[Exercise details] Once you reach the line that holds "Pork Gouda Burgers photo collage" in the listing below, output it and every line after it through the line that holds "Common goal clipart", word for word.

[Source information]

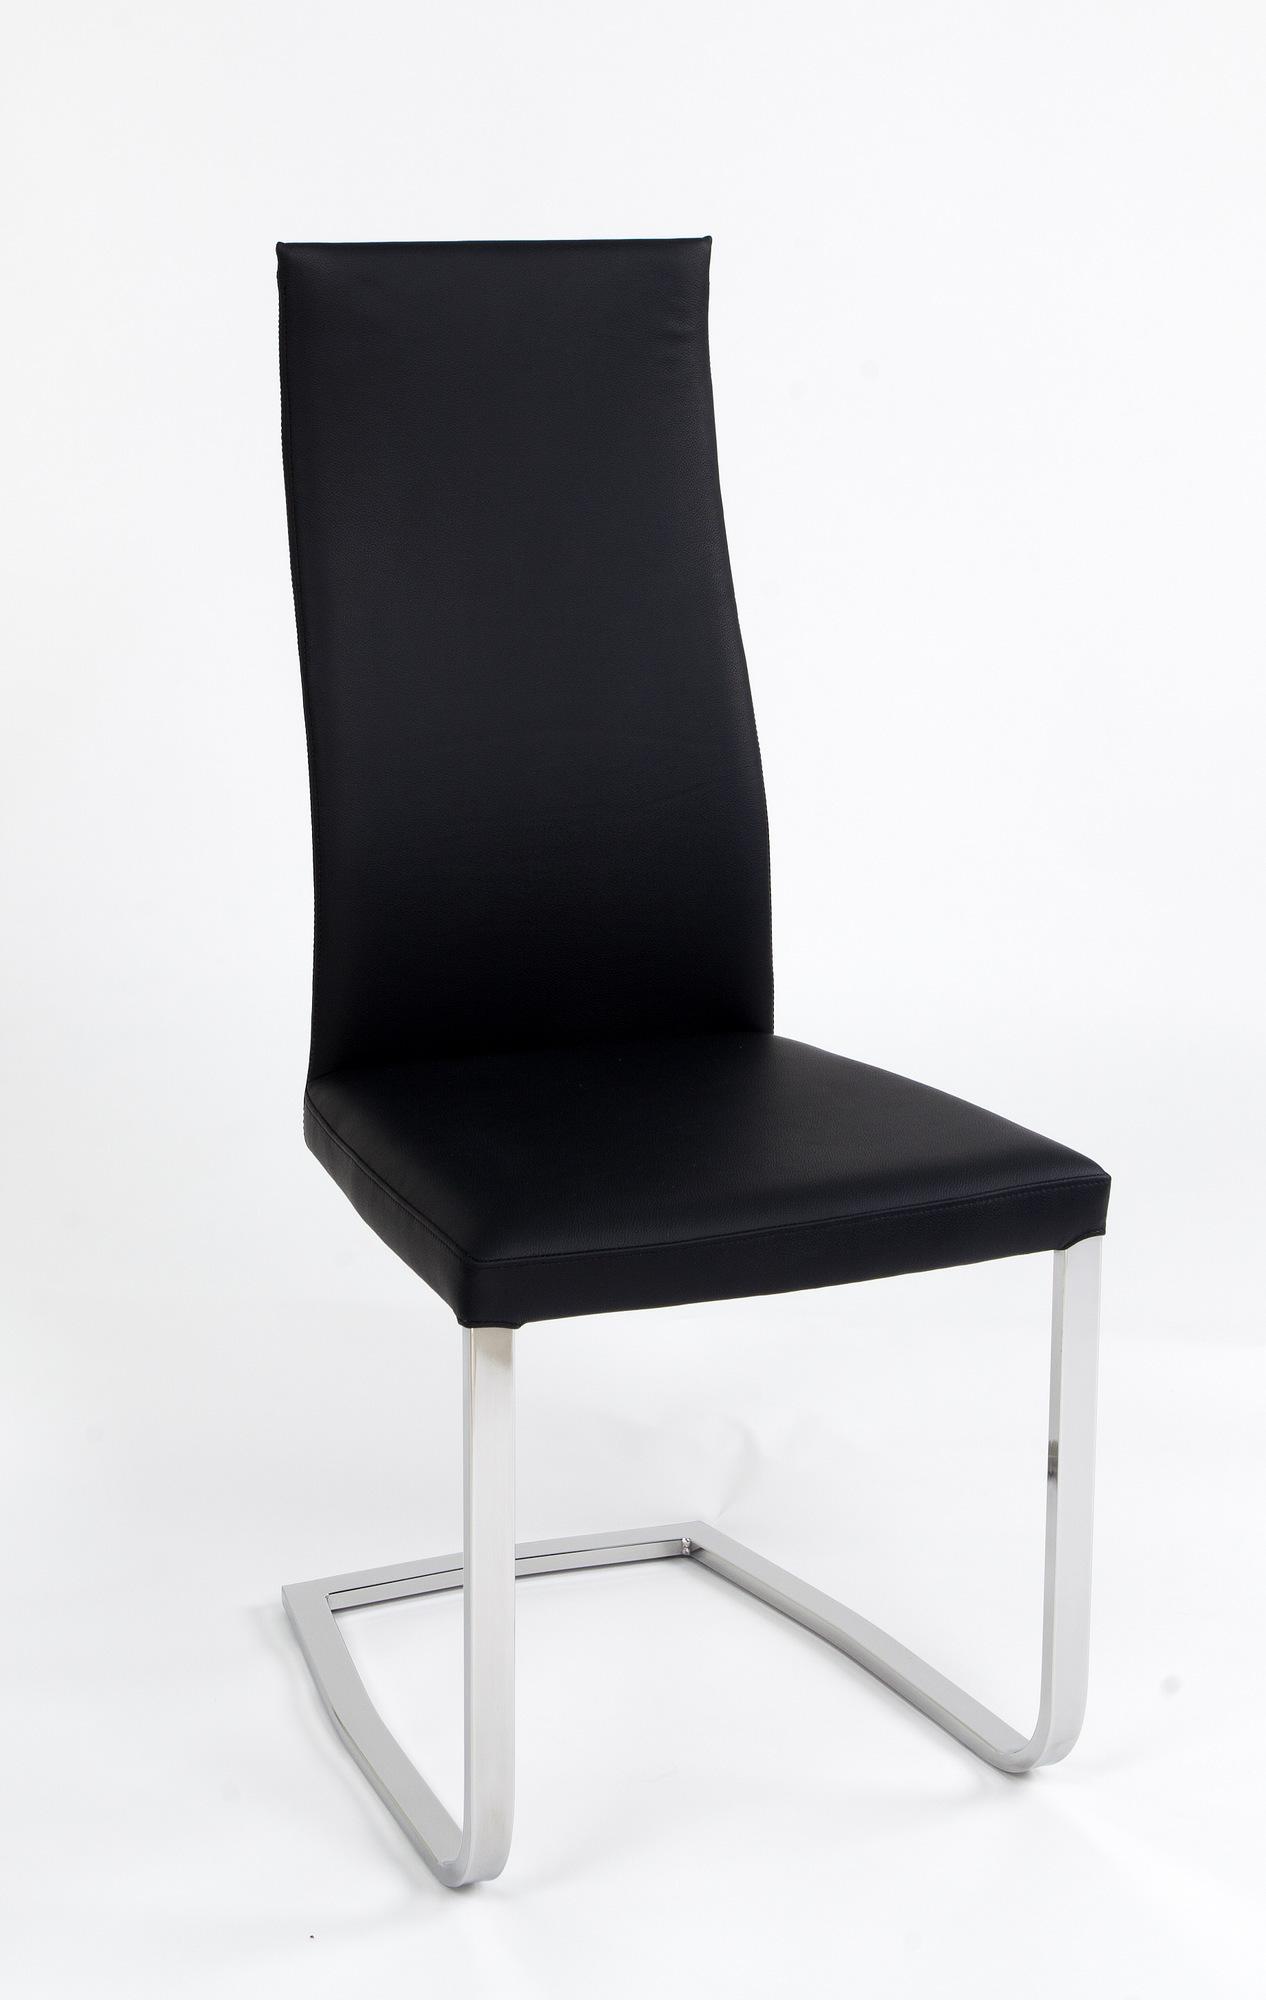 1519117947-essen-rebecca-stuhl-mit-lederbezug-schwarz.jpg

---

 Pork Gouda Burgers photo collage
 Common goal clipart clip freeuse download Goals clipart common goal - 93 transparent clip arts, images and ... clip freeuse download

[Answer to the problem]
 Pork Gouda Burgers photo collage
 Common goal clipart clip freeuse download Goals clipart common goal - 93 transparent clip arts, images and ... clip freeuse download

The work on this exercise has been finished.